In the same sentence as Lacerta (in his Zoological Notebook), Darwin also mentions encountering Bufo.  Much like Lacerta, Bufo is a generic term – in this case for toads (at least it is Latin for toad).  Specifically Bufo is a genus of toad with about 150 species.

According to the list of Amphibians found in Uruguay, there are no members of the genus Bufo.  However, there are some toads listed as being part of the same family – Bufonidae, aka the “true toads”.

Amphibians of Uruguay (from status of reptiles and amphibians in Uruguay):

amphibians of Uruguay

True toads are found around the world (other than Antarctica and Australia – not including introduced toads).

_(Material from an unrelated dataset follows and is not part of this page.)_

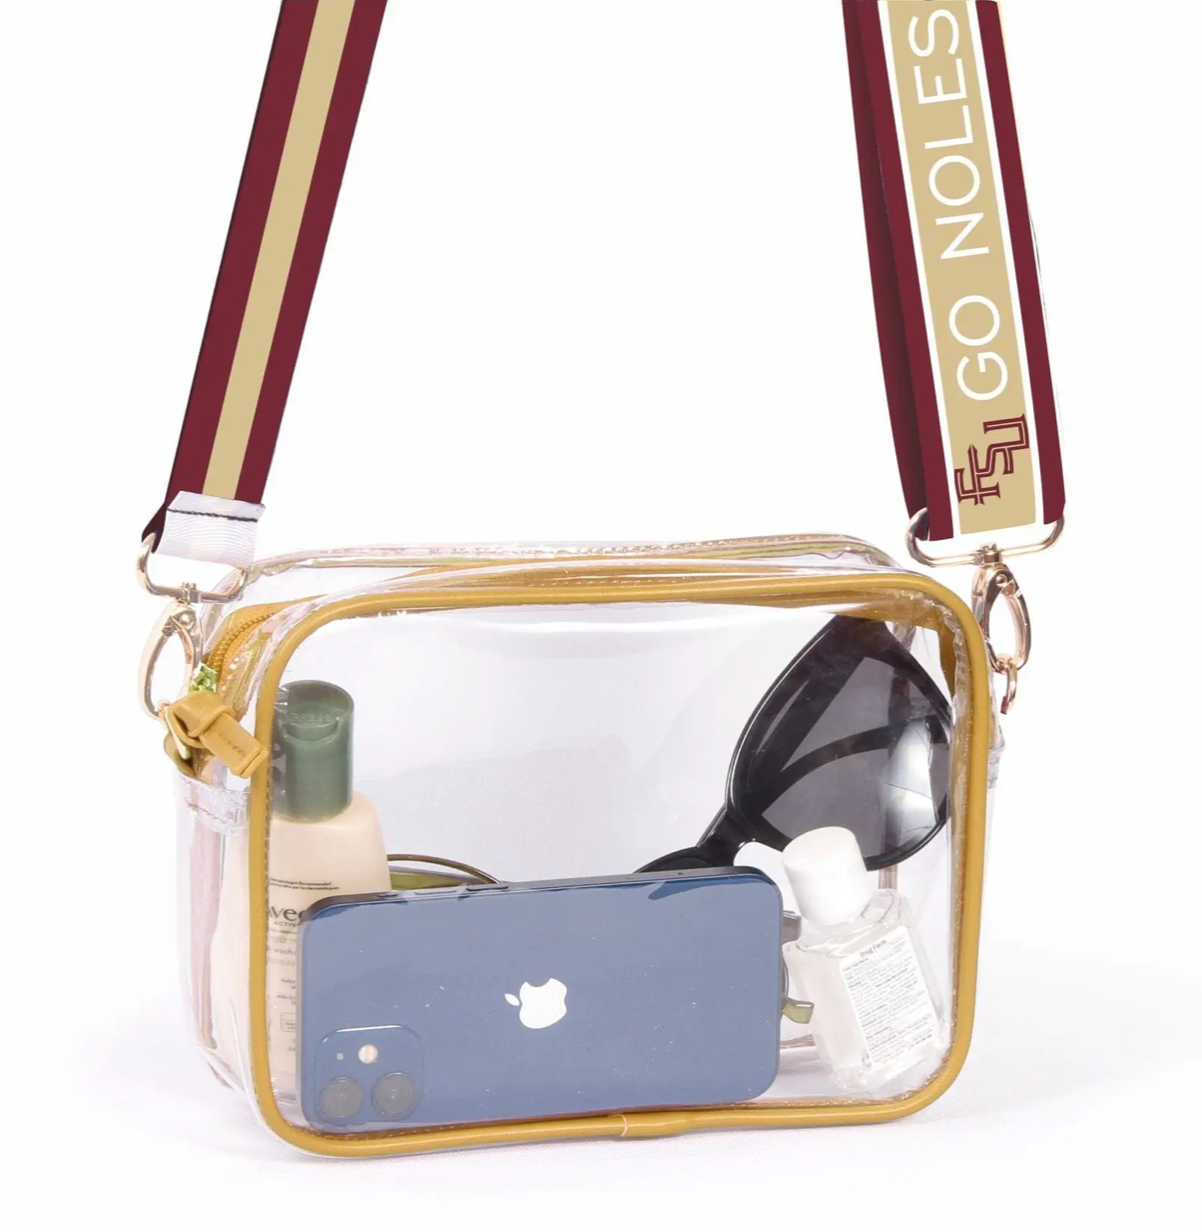 Bridget Clear Purse with Patterned Strap

Along with their lack of teeth and “warty” appearance, one feature they all have in common are glands on the back of the head that secrete toxins when the toad is stressed. One of the more common of these alkaloid toxins is even named bufotenin (a major component of bufotoxin) after its amphibian source. These toxins evolved as a way of protecting the toads from predators (like the prickles on the thistles). After all, eating toxins is generally not a good idea. Some of these toxins are hallucinogenic – such as the bufotenin secreted by the Sonoran desert toad that has been used “recreationally”.  But ingesting too much (about 200-300 mg per kg) can be lethal.

Darwin did not describe the toad he observed, so I don’t know what type of toad he encountered. Based on the list above, there are a couple of possibilities from the Bufonidae family including the:

Uruguay Red-Bellied Toad (from the Amphibian Avenger)

red bellied toad

and the D’Orbigny’s Toad (which I believe is show here in a photo from the Noah Project):

By the way – you’ll hear more about D’Orbigny soon. I like to think of him as young Darwin’s nemesis… (RJV)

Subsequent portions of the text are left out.